2016 was a year I devoured every business book and personal development book I could get my hands on. It was also the year a lot of my creative idols died. It started with Bowie in January, and was still happening in December with Carrie Fischer. It got me thinking a lot about my own creative passions and potential, and exactly what I was (or more to the point wasn’t) doing with my life.

I was seriously frustrated, feeling that I had achieved amazing things with my business – paying off thousands in debt, liberating myself from my mum’s spare room, and achieving the freedom needed to allow me to work around a mental health condition that takes an alarming amount of management.

Yet at the same time I felt totally disillusioned with my business and life in general.

The problem came into focus for me in January of that year when I had taken a month out from client work in order to make sure I transitioned from living with mum to living on my own again without kicking off a relapse of my bipolar and winding up undoing all the progress I’d made with my heath. 

I spent the month writing, working on my new novel.

It was the first time I’d been able to give it my full attention since starting my business and it felt so good.

When February rolled around and I had to get back to the client work, I felt physically sick.

I didn’t want to do it.

Any of it.

The only work I could stomach was the writing work I did for some of my clients, as several people had approached me asking me to write their blogs for them. I’d agreed, and enjoyed it so much I’d made it a regularly available service. But it was one service among many and none of the others involved writing.

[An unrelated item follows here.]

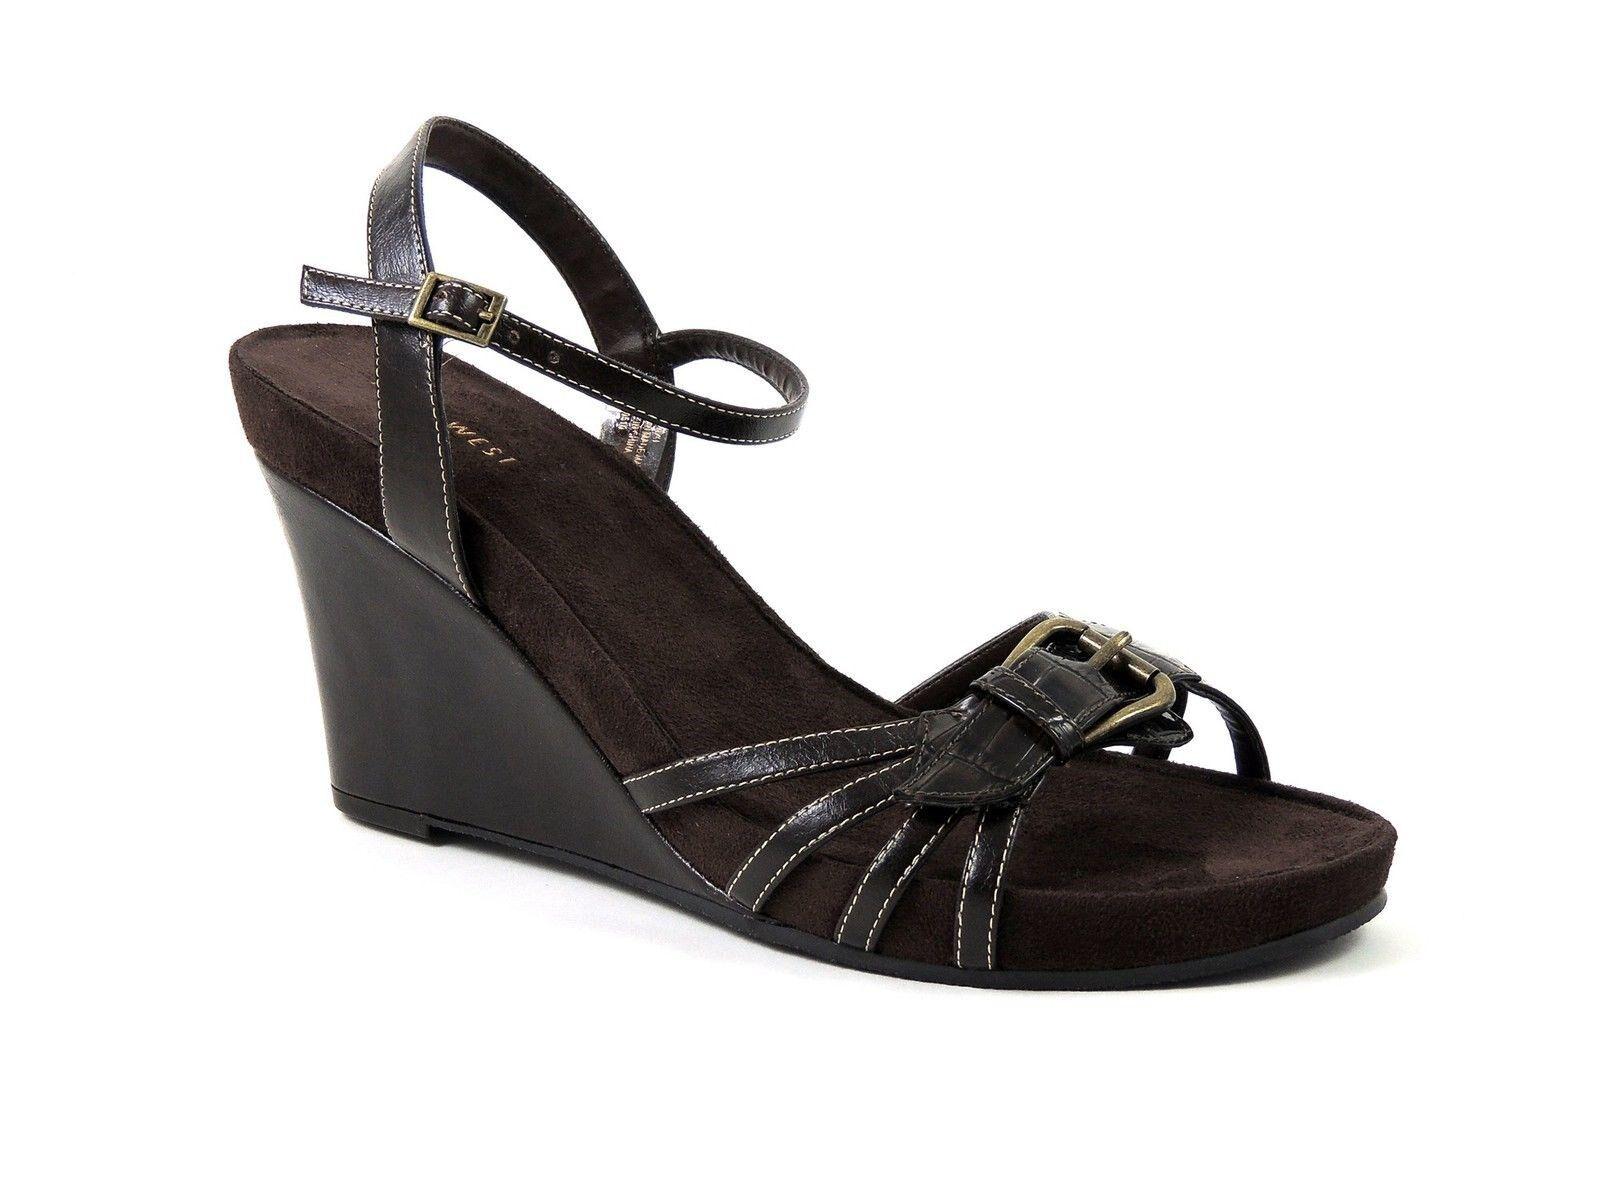 Nine West Women's Ardijanazu Wedge Sandals Brown Size 11 M

Editing, proofreading, illustrating, graphic design, branding, you name it, I did it, but for reasons that still elude me, when I’d setup my business I hadn’t thought, ‘I love writing, how can I make money doing that?’, I’d thought, ‘What can I do that will make money?’

And this is entirely backwards.

I had been kicking this frustration around for a couple of months when I finally made it down my reading stack to The Big Leap, by Gay Hendricks and, curled up on my chaise lounge, listening to the aforementioned David Bowie track, clarity hit me upside the head.

I’d accomplished my goals when I started out as an entrepreneur – paid off my debts, got a new home, regained my health and independence – yet my frustration was coming from the feeling that I hadn’t.

Not really.

As if there was some big, huge, unnamed goal that I’d never quite admitted existed, and the fact I was failing at it was slowly crushing the life out of me.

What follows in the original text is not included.